The easy way to do this is to draw a line from S to E. If it intersects any polygon (cycle from above) an even number of times, they are both inside or both outside the polygon so keep checking.

If the line intersects a cycle an odd number of times, then one is inside the polygon and one is outside, so you can say that there is no path.

You can construct a so-called "Visibility graph" that connects two obstacle vertices iif they are directly visible. Shortest path in this graph (with S and E added) will be the shortest obstacle-free path between S and E in your configuration space. Algorithms and optimisations concerning Visibility Graph are well-known and widely described.

The main difficulty you'll have is handling corner cases so you can't "leak" in some improper intersection to the other side of the segment (shared segments, endpoint as intersection, etc). Handling such corner cases is not algorithmically difficult but requires patience.

EDIT:

So let me be more formal: build a graph G(Ver, Edg) where Ver contains all segment's endpoints, S and E; and Edg contains all pairs of vertices which are directly visible (including following the segment).

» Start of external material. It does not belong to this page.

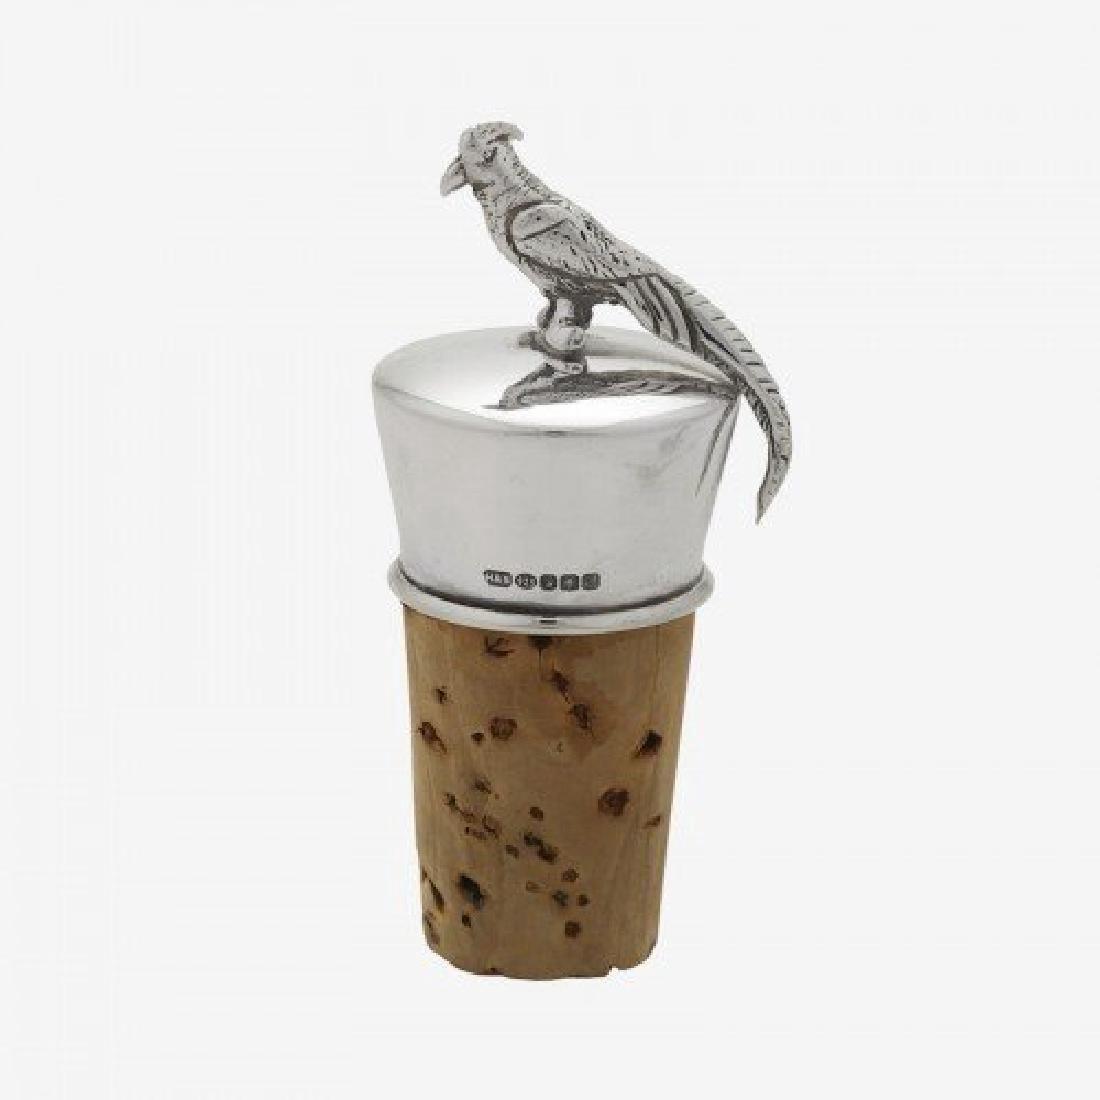 Scottish Silver Figural Pheasant Bottle Stopper

There are two steps to the algorithm.

1. Find out the maximum polyogn encompassing S and E 
    (which could possibly be an open polygon, so convex hull algorithm needs 
    to be modified)
2. E can be reached from S if
    (Case 1) The polygons are the same
    (Case 2) Both are open polygons.

Explanation:

Step 1: Find the maximum encompassing polygon of a point P

Form a set of points by adding the end-points and all possible 
    intersections. (O(n^2))
Eliminate points that can only be reached from P by crossing another line. 
    This can be done by finding the intersection of the line joining P to each 
    point with all other lines (O (n^3)).
Form a convex hull of the remaining points. 
    Here it should be noted that the resulting polygon may not be closed. 
    So, the convex hull algorithm needs to be modified to get rid of 
    those possible edges which don't have a direct connection. 
    This can be efficiently done by an appropriate data structure 
    like a graph (O(n^2) in worst case)

Step 2: Comparison would need some kind of sorting of the polygon vertices. This would be maximum O(n long n)

So the resulting algorithm complexity would be O (n^3)

Compute the planar straight-line graph formed by the line segments and locate the faces to which S and E belong. There is a path if and only if S and E belong to the same face. The first two steps are standard, polynomial-time algorithms from computational geometry, with many descriptions and implementations available.

1. find all intersection between line segments
2. remove all points which have rank = 1; i.e. it's an end point, only one line-segment is connected to this point
3. find line-segment closest to point S
4. find polygon whose one side is previously found line segment, using following approach:
   1. starting line segment is given
   2. mark both ends of starting segment, starting = lsS, ending = lsE
   3. find all line segments connected to lsE, excluding starting segment
   4. from found segments choose that segment that is closest to point S closest line is the one, whose center is possible to connect with point S without intersecting any of examined lines
   5. remove all other examined line segments from problem space
   6. repeat until you have complete polygon
5. if complete polygon contains both points E and S, those are connected

It's a bit similar to depth first search.

In each step you only work with immediate neighbors of last point you successfully solved.